*** INFORMATION SUPPLIED Section Begins ***

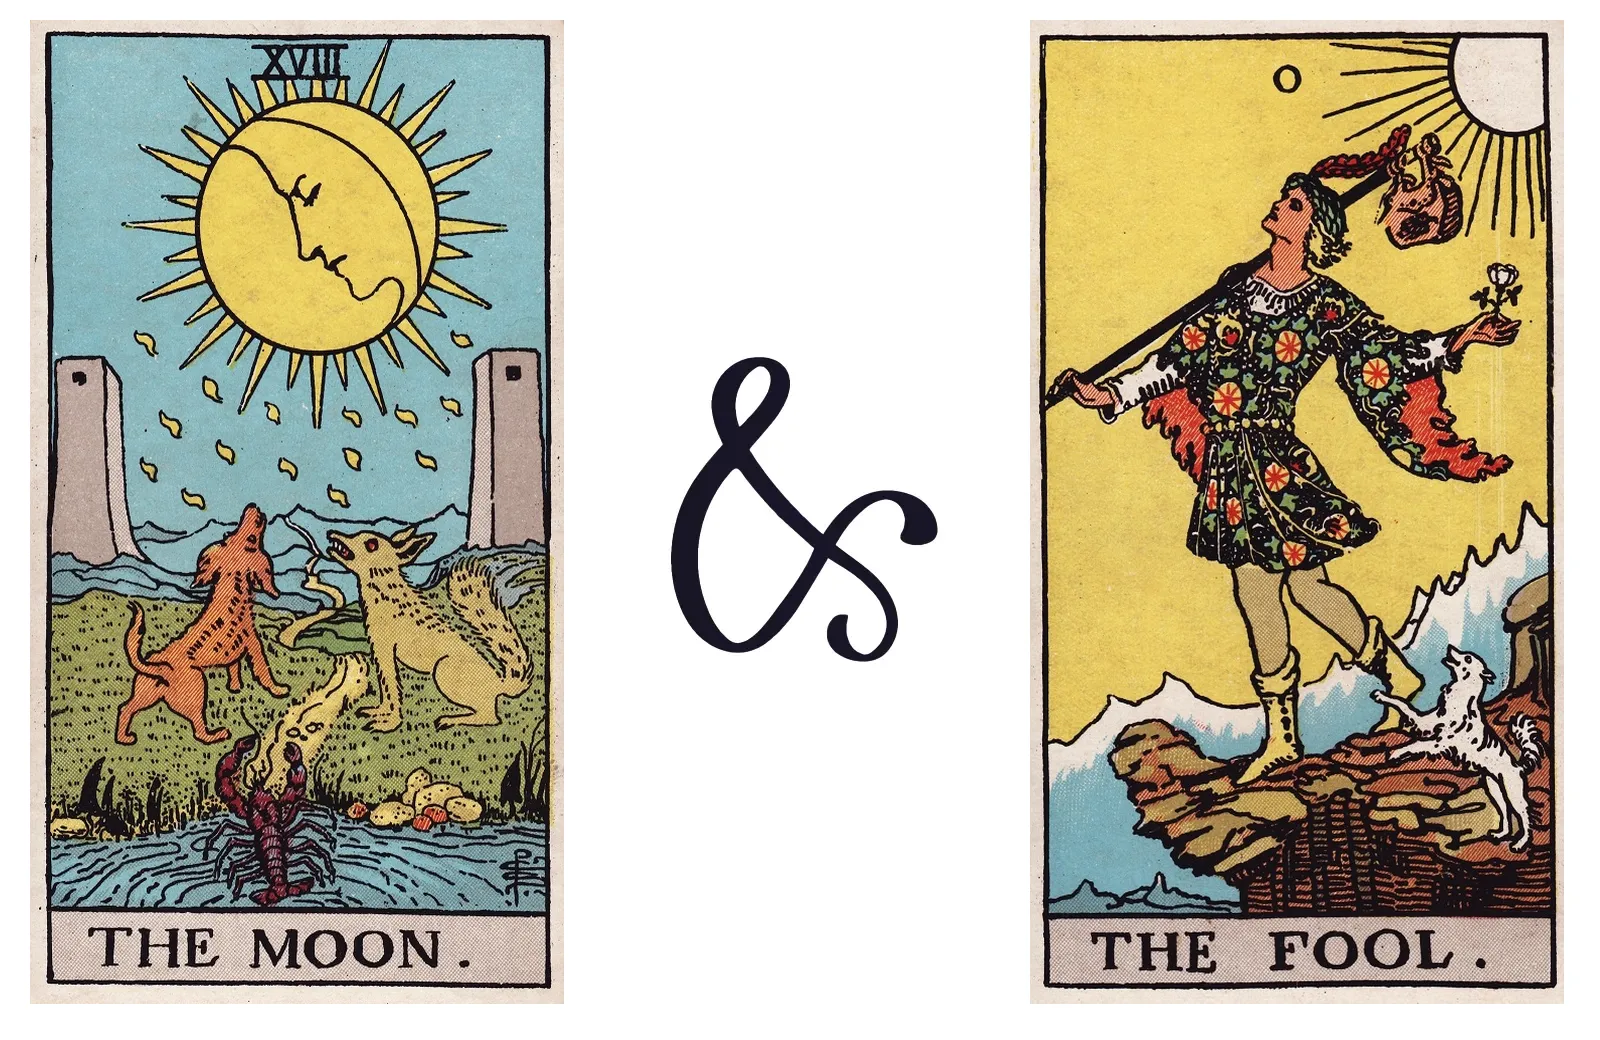 The Moon and The Fool
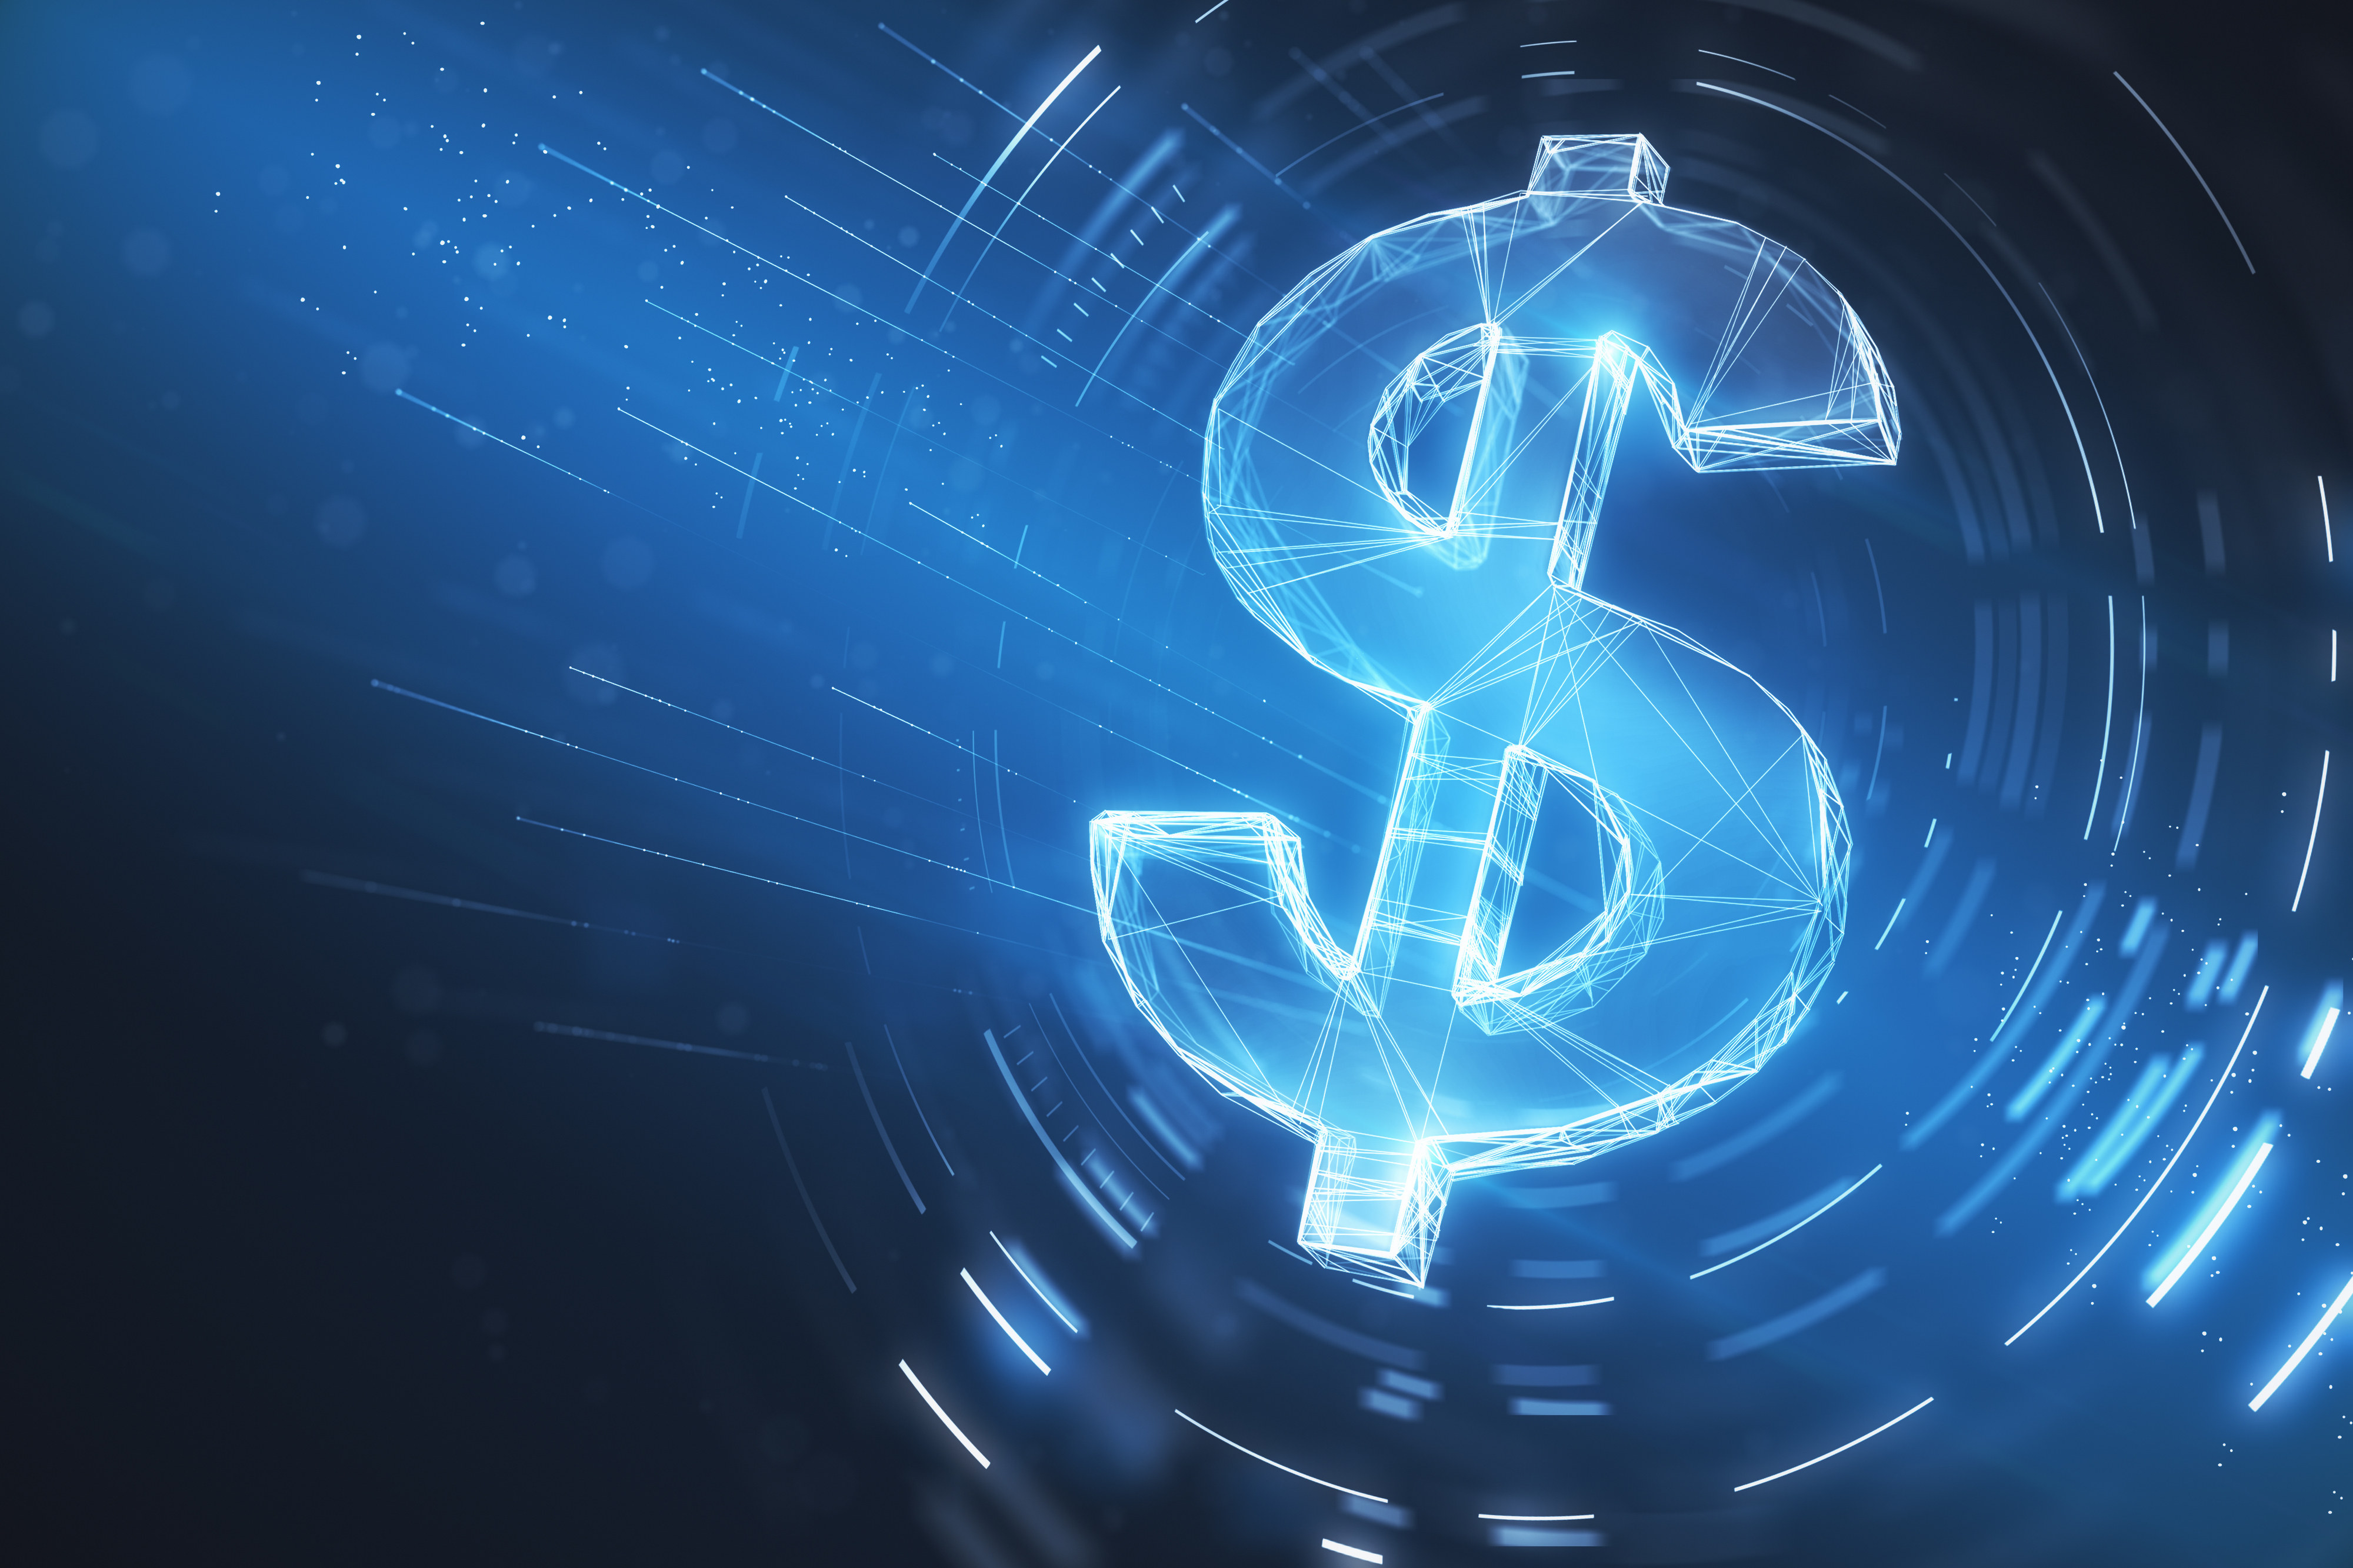 Central bank digital currencies will disrupt the banking industry, forcing traditional lenders to innovate and helping small businesses access financing, according to a report by Standard Chartered and PwC China. Photo: Shutterstock
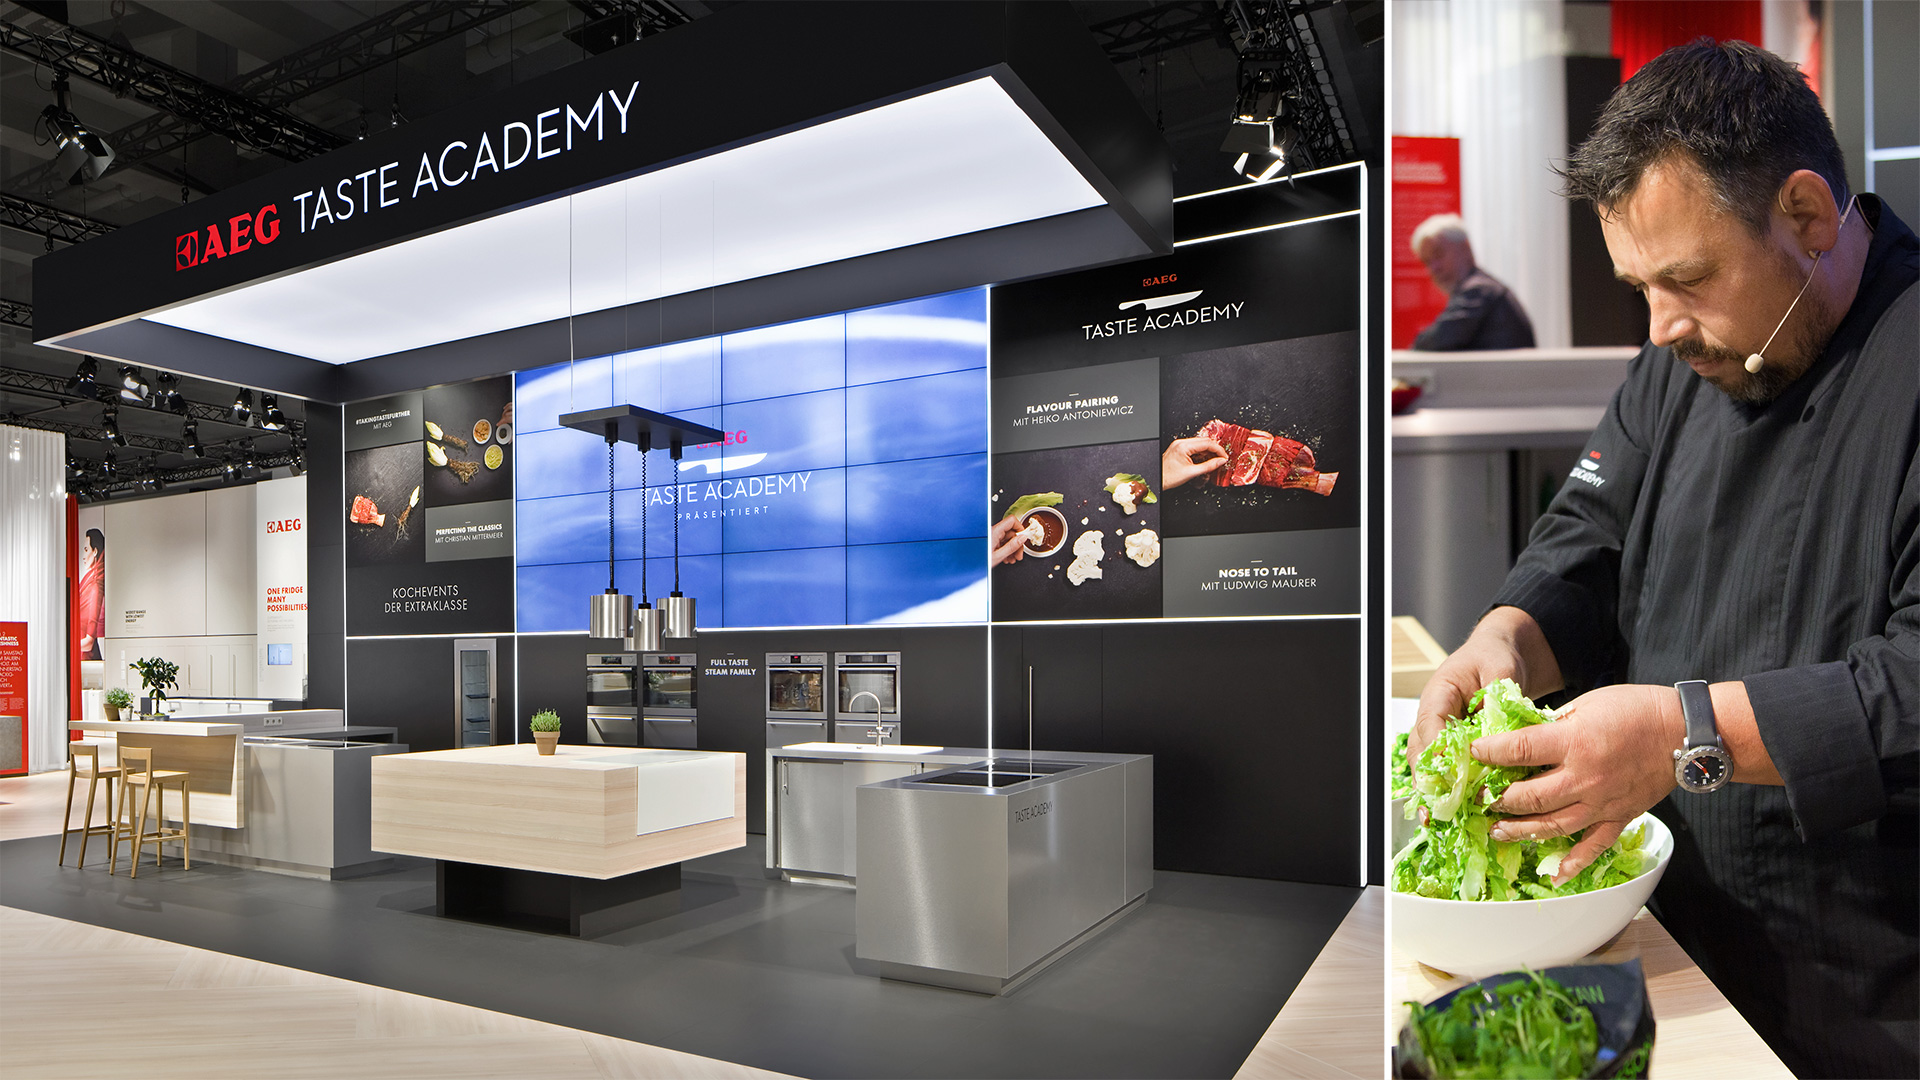 Dart stages the Electrolux fair stand at the IFA 2015

*** INFORMATION SUPPLIED Section Ends ***

TASK PROMPT> Reproduce, exactly and with no pictures, the lines from the line containing "Central bank digital" through the closing line of the data above, keeping both ends.

ANSWER SPACE>
 Central bank digital currencies will disrupt the banking industry, forcing traditional lenders to innovate and helping small businesses access financing, according to a report by Standard Chartered and PwC China. Photo: Shutterstock
 Dart stages the Electrolux fair stand at the IFA 2015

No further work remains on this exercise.